◆ Task inputs ◆
------------------------

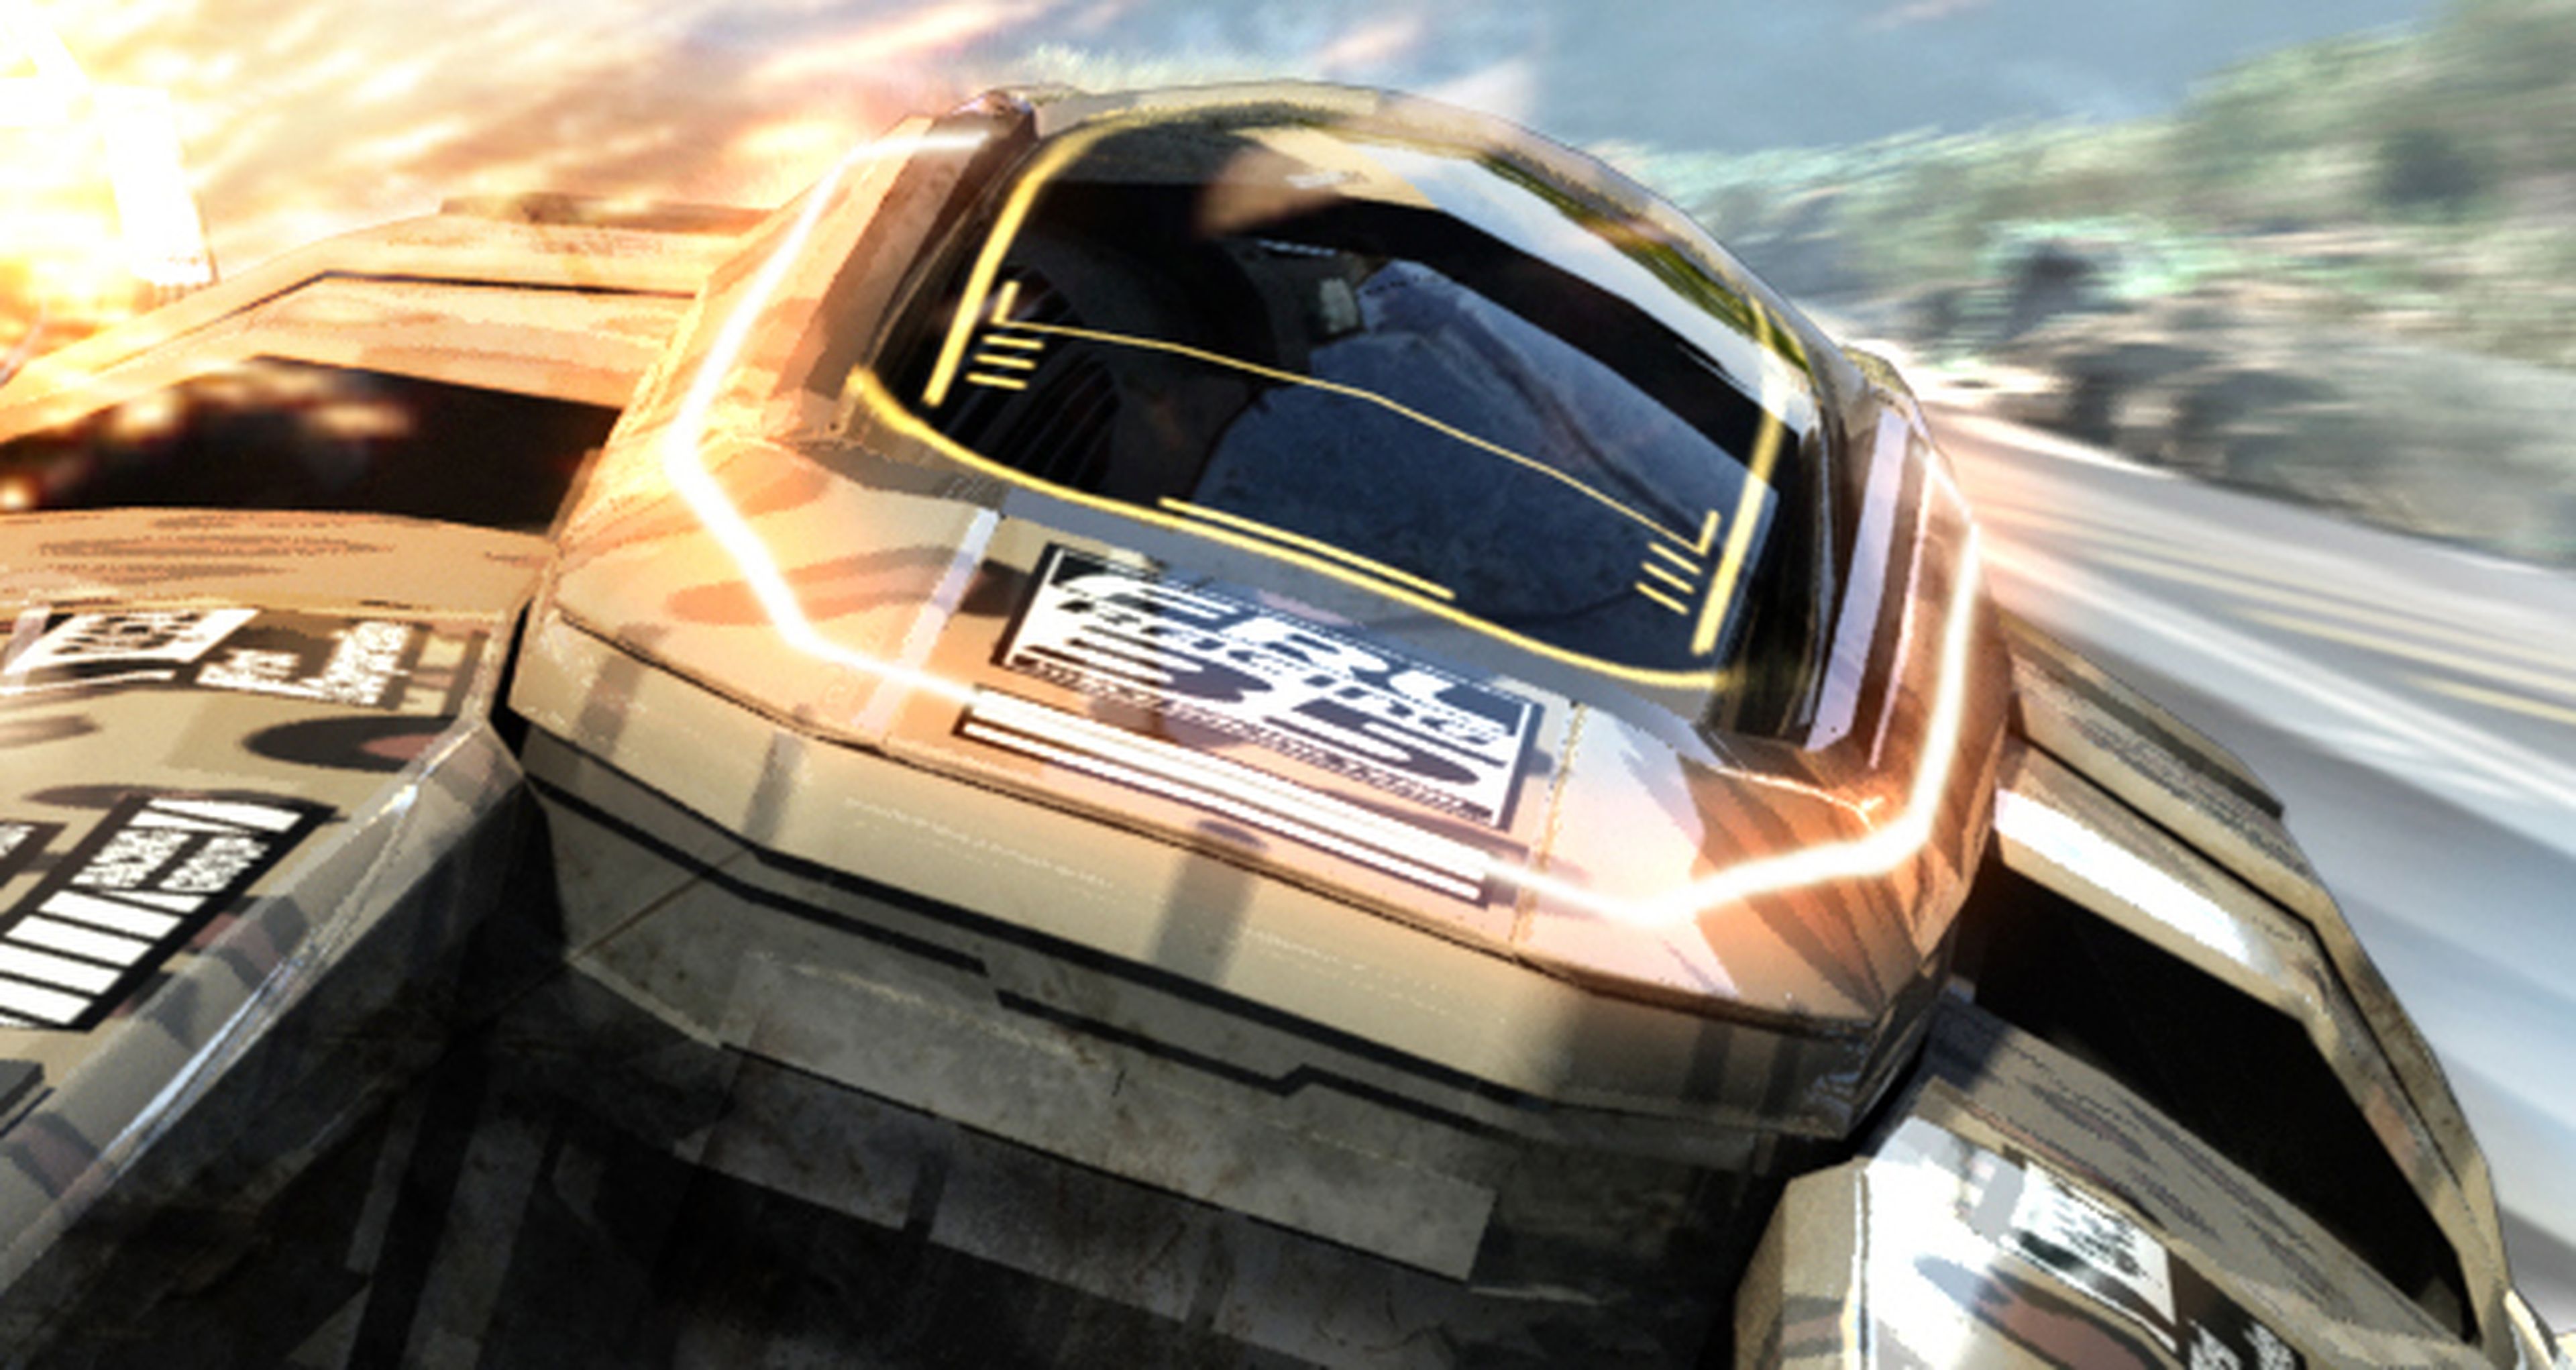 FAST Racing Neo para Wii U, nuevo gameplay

------------------------

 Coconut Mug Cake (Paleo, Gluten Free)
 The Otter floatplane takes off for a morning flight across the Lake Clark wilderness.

------------------------

Taking the line with "Coconut Mug Cake (Paleo, Gluten Free)" as the first and the line with "The Otter floatplane" as the last, retype that stretch of the data above exactly, with no other lines.

◆ Response to the task ◆
 Coconut Mug Cake (Paleo, Gluten Free)
 The Otter floatplane takes off for a morning flight across the Lake Clark wilderness.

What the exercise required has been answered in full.